Above result is consistent with t.test()

t.test(iris$Sepal.Width, iris$Sepal.Length)
    Welch Two Sample t-test

data:  iris$Sepal.Width and iris$Sepal.Length
t = -36.463, df = 225.68, p-value < 2.2e-16
alternative hypothesis: true difference in means is not equal to 0
95 percent confidence interval:
 -2.93656 -2.63544
sample estimates:
mean of x mean of y 
 3.057333  5.843333 

You can get estimation plot with plot().

plot(x,ref="test",side=FALSE)

An estimation plot has two features.

  1. It presents all datapoints as a swarmplot, which orders each point to display the underlying distribution.

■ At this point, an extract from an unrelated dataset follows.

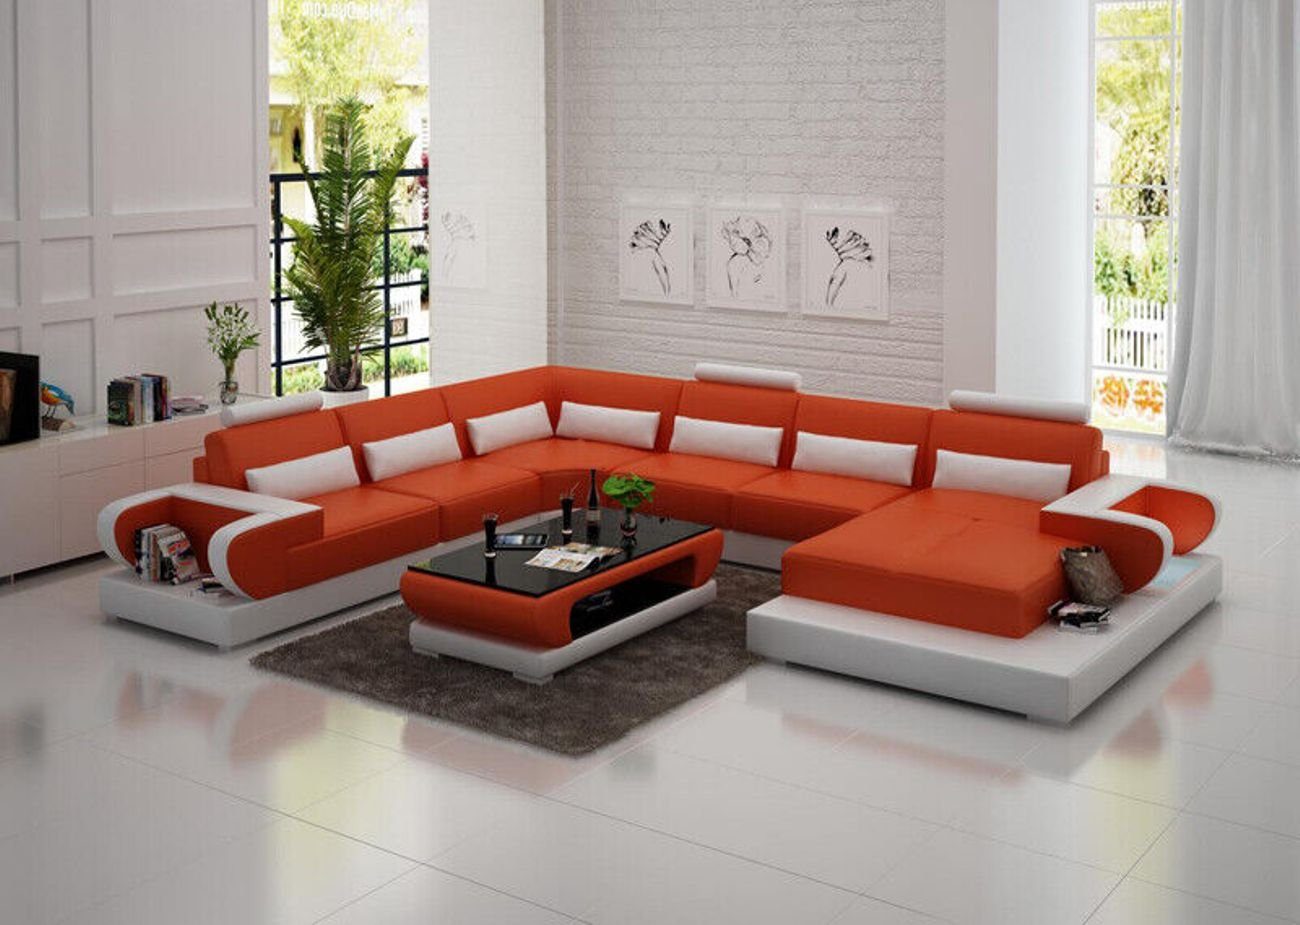 JVmoebel Ecksofa Ledersofa Couch Wohnlandschaft Ecksofa Eck Garnitur Design Modern Sofa Orange
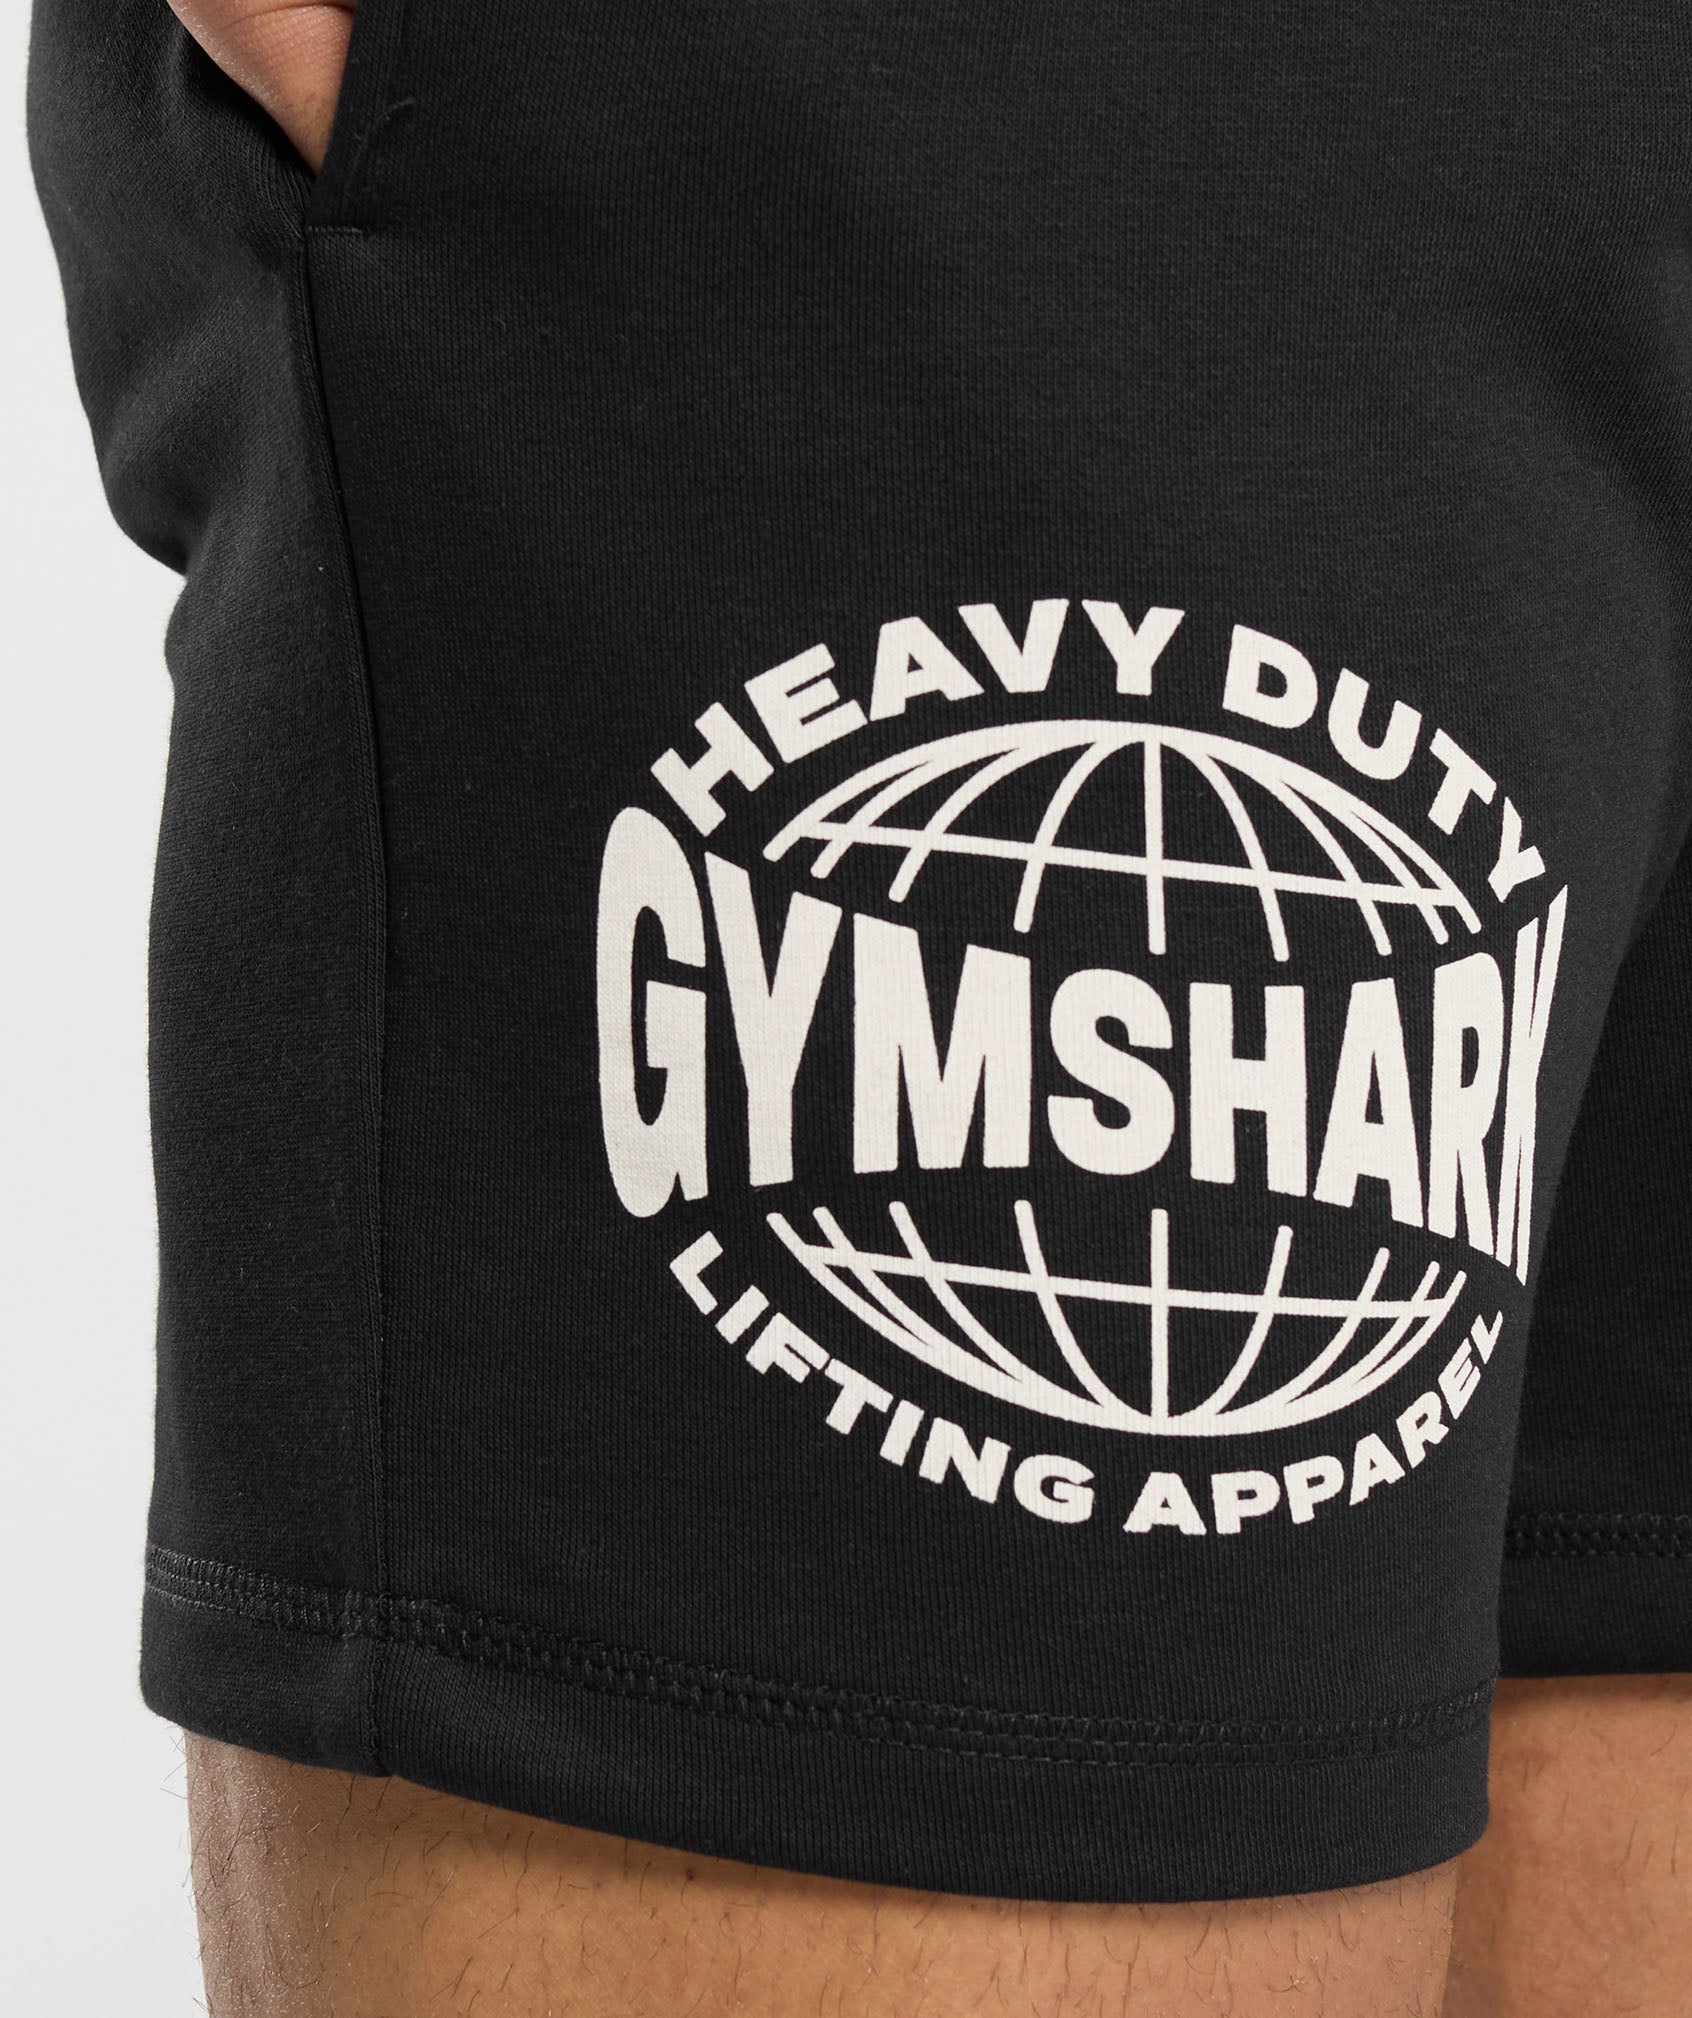 Heavy Duty Apparel 7" Shorts in Black - view 5

  2. It presents the effect size as a 95% confidence interval on a separate but aligned axes.

3. Mean differences in paired sample

You can draw an estimation plot in paired sample.

data(Anorexia,package="PairedData")
meanCI(Anorexia,Post,Prior,paired=TRUE) %>% plot(ref="test",side=FALSE)

Above result is compatible with t.test().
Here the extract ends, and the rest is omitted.